9 commentaires sur “Le concept de ville 30 – Paris se lance ?

  1. Nicolas

    Autre avantage, cela simplifie l’aménagement cyclable :
    – inutile sur les axes à 30 km/h
    – piste cyclable séparée sur les axes à 50.

  2. Pim

    Si je suis complètement favorable aux villes à 30 partout et sans délai, je suis assez sceptique quant au respect des automobilistes de cette limitation. D’une part parce qu’il est difficile de respecter le 30 au volant d’une grosse berline ou d’un 4×4, ou même d’une voiture récente. En effet, l’habitacle intérieur est si confortablement et silencieusement aménagé, qu’on ne se rend pas compte de sa vitesse. En dessous de 40, on a l’impression d’être au pas!
    D’autre part, je n’ai jamais vu un seul contrôle de vitesse dans une zone 30, car sinon ils prendraient >90% des voitures! Et avec la politique laxiste du ‘il faut sensibiliser bla bla bla, pas stigmatiser bla bla bla’, ca ne va pas s’arranger

    Point positif peut etre :
    avec une limitation à 50, les gens roulaient à 60++
    avec une limitation à 30, ils respecteront le 50?

  3. Le cycliste intraitable

    Plutôt que de se formaliser sur les limitations de vitesse, il faut plutôt insister sur le fait qu’en zone 30, les passages piétons et les sens uniques totaux n’ont plus lieu d’être.

    En zone 30, les motoristes doivent donc s’attendre :
    – à ce que des cyclistes circulent à contresens, avec croisement qui oblige à ralentir ;
    – à ce que les piétons aient systematiquement la priorité pour traverser, même en-dehors des passages cloutés, à condition qu’ils manifestent leur intention de traverser.

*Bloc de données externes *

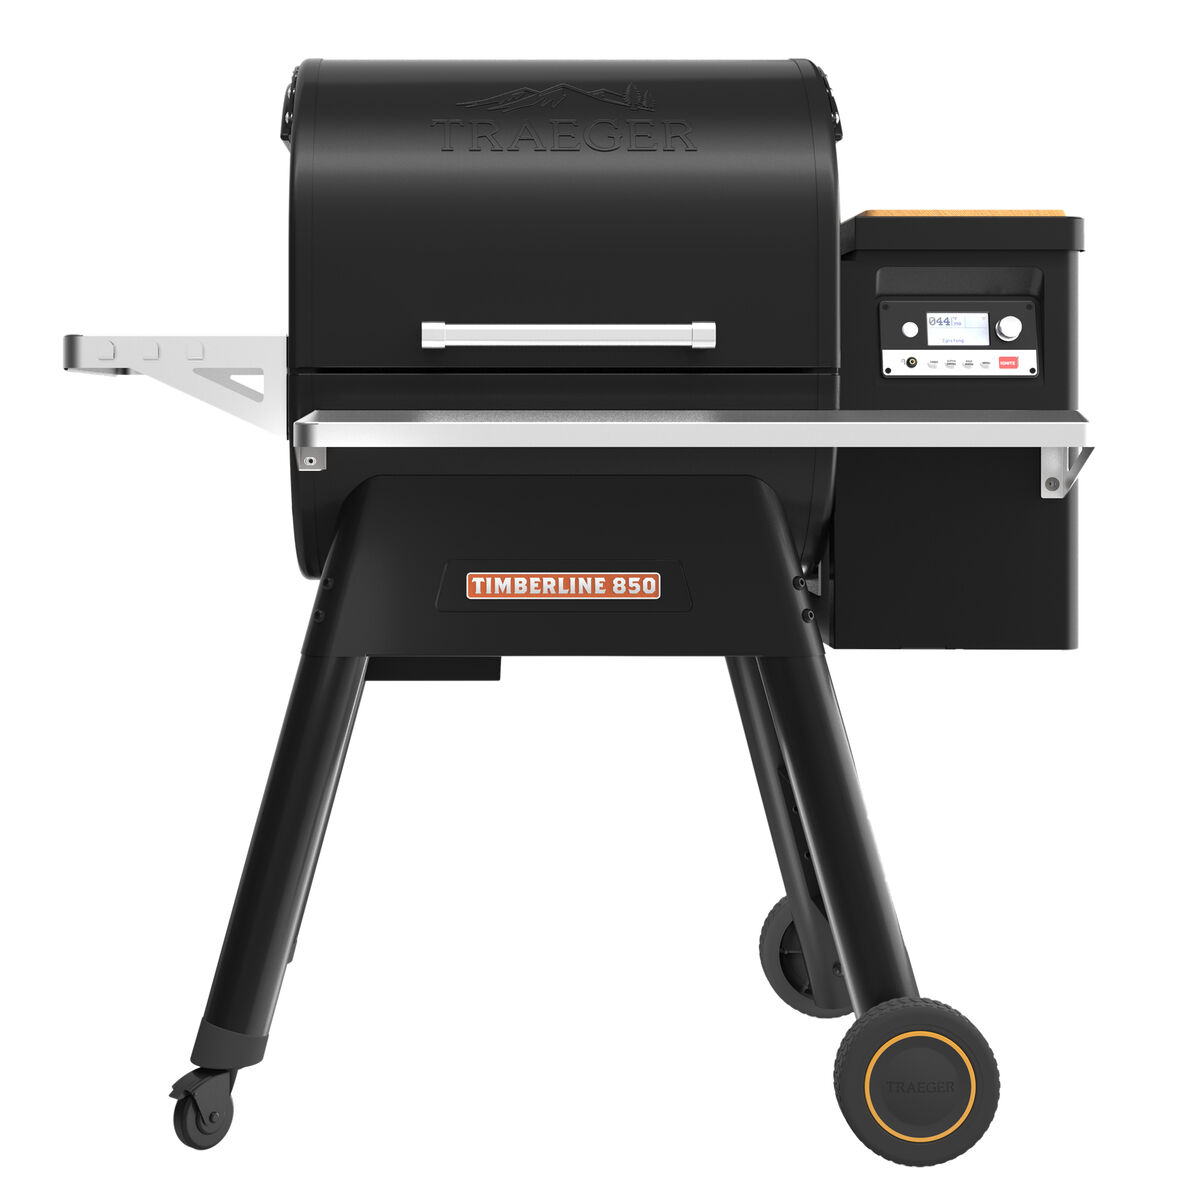 Traeger TIMBERLINE 850 Frontal

    Les conducteurs motorisés sensés adaptent leur vitesse au contexte. Face aux moins sensés, c’est aussi à nous piétons et cyclistes de faire valoir notre priorité et notre droit à la tranquillité et à la sécurité.

  4. Yefka

    Conjointement à ça il faudrait aussi que les voitures soient conçus pour rouler à 30km/h, ce qui n’est pas le cas actuellement.

  5. stefanopoulos

    Il ne suffit pas hélas de mettre un panneau zone 30 pour qu’elle soit respectée. Il faut créer des aménagements urbains (chicanes, élargissement des trottoirs, coussins berlinois, peinture au sol, revêtement de granulométrie différente) qui contraignent les automobilistes à réduire leur vitesse à 30 km/h.

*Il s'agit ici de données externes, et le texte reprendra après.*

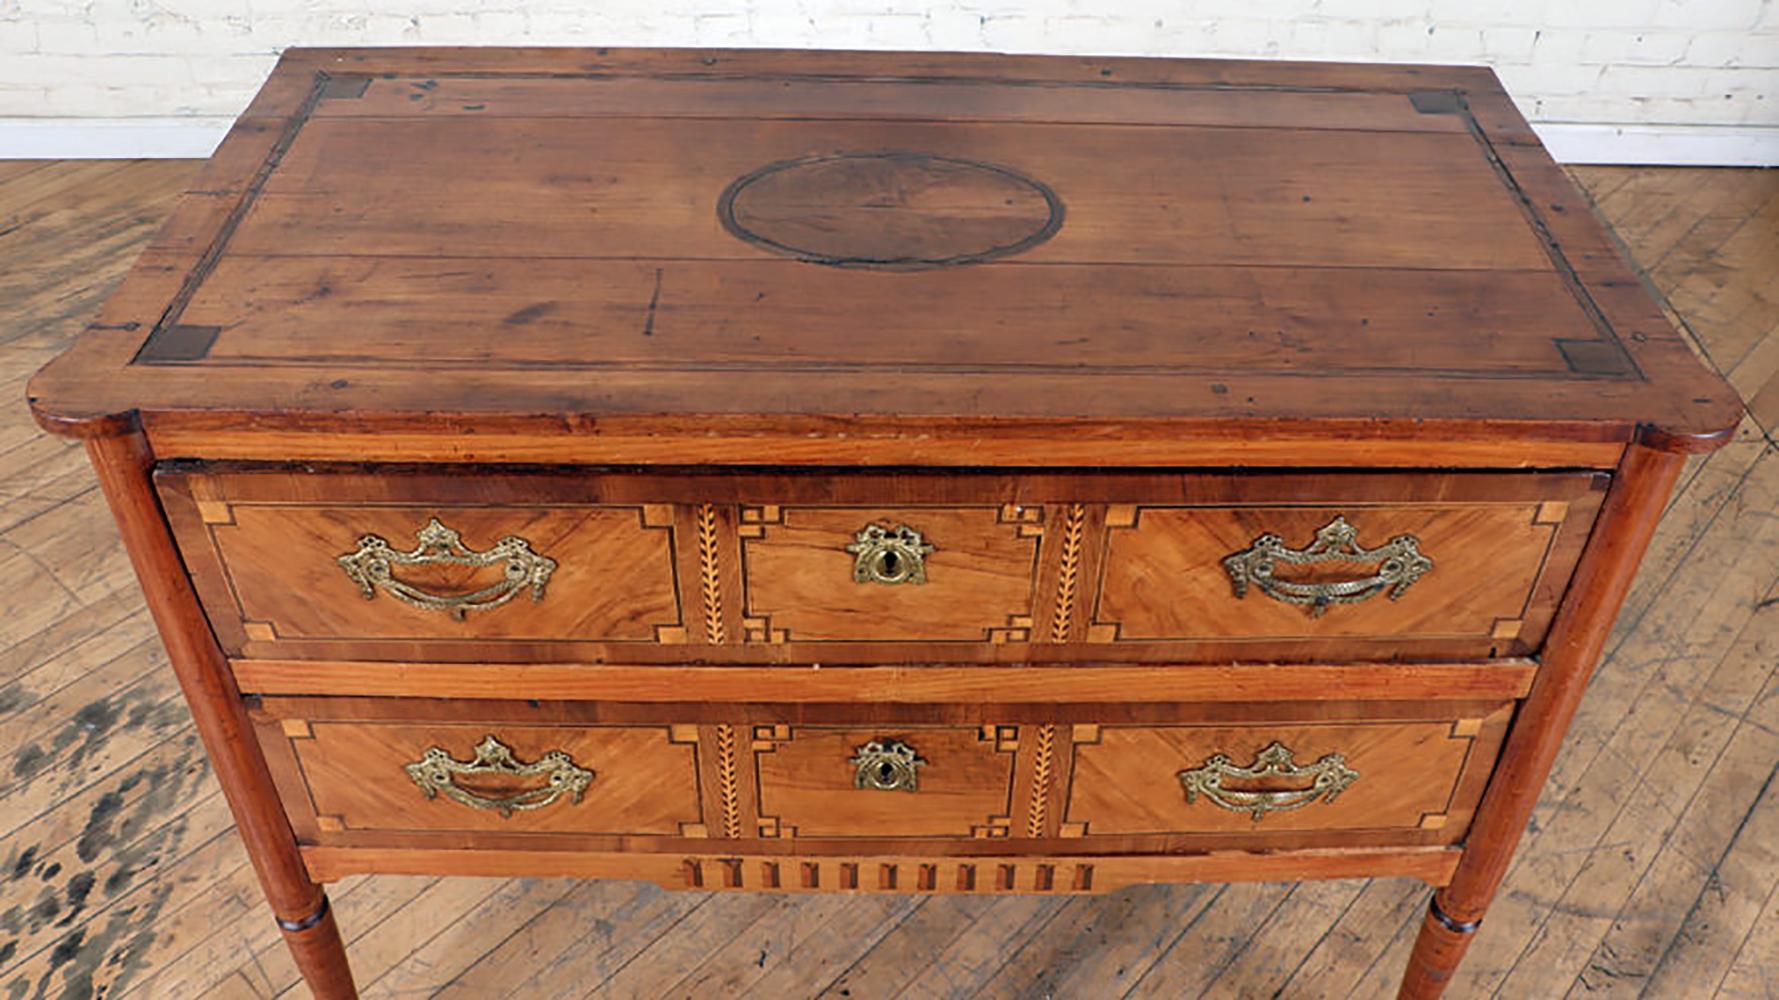 Antique French parquetry commode in the neoclassic manner- featuring two drawers on elegantly tapered legs.

    Le mieux reste la zone 20 où il n’y a plus de différence de niveau avec le trottoir et où l’automobiliste se sent vraiment un étranger…

  6. Yôm

    Une ville 30 où les piétons et cyclistes désinvoltes grouillent en tous sens, c’est garantir le respect de la limitation de vitesse. Le plus éprouvant pour l’automobiliste roulant à 30, c’est l’absurdité de la situation.
    Comparée à un cycliste ultra-mobile se faufilant partout, l’automobile, encombrante et peu réactive est un handicap à même allure.
    C’est plus un tel usage que la conception de la voiture qui est intolérable pour l’automobiliste.
    On peut s’attendre à une augmentation du report modal en défaveur de l’auto.

  7. Nicolas

    @PIM
    Je pense que la limitation sera globalement respectée dans ces villes car à la différence du système des zones 30, le 30 km/h devient la norme (et 50 km/h l’exception). Et donc, on peut se faire choper n’importe où par un contrôle radar…

  8. LEGEOGRAPHE

    Non, Pim a un peu raison, en sachant que la « vitesse de croisière » de la majorité des automobilistes urbains est entre 64 et 67 km/h.
    Les automobilistes le reconnaissent d’ailleurs aisément : les radars en ville, ça les fait chier et ils continuent à se faire avoir puisqu’ils sont pressés.

    Donc, avec une limite à 30, ils respecteront quasi tous en effet le 50 km/h, mais de là à faire respecter le 30 km/h, ce sera plus dur.

  9. cycliste alcoolique

    @LEGEOGRAPHE,
    ce n’est pas que une limitation a 30, c’est aussi une nouvelle façon de partager. Dans les villes 30, plus vraiment de voies dédiées aux cyclistes, piétons, voitures. Mais plutot une seule … et la la voiture est perdante.
    Il n’y aura plus la voie royale – pour les tutures – et ce qui reste pour les « pauvres ». Pour moi, et j’espère que je ne rêve pas trop – c’est vraiment une chance unique de se réapproprier l’espace publique.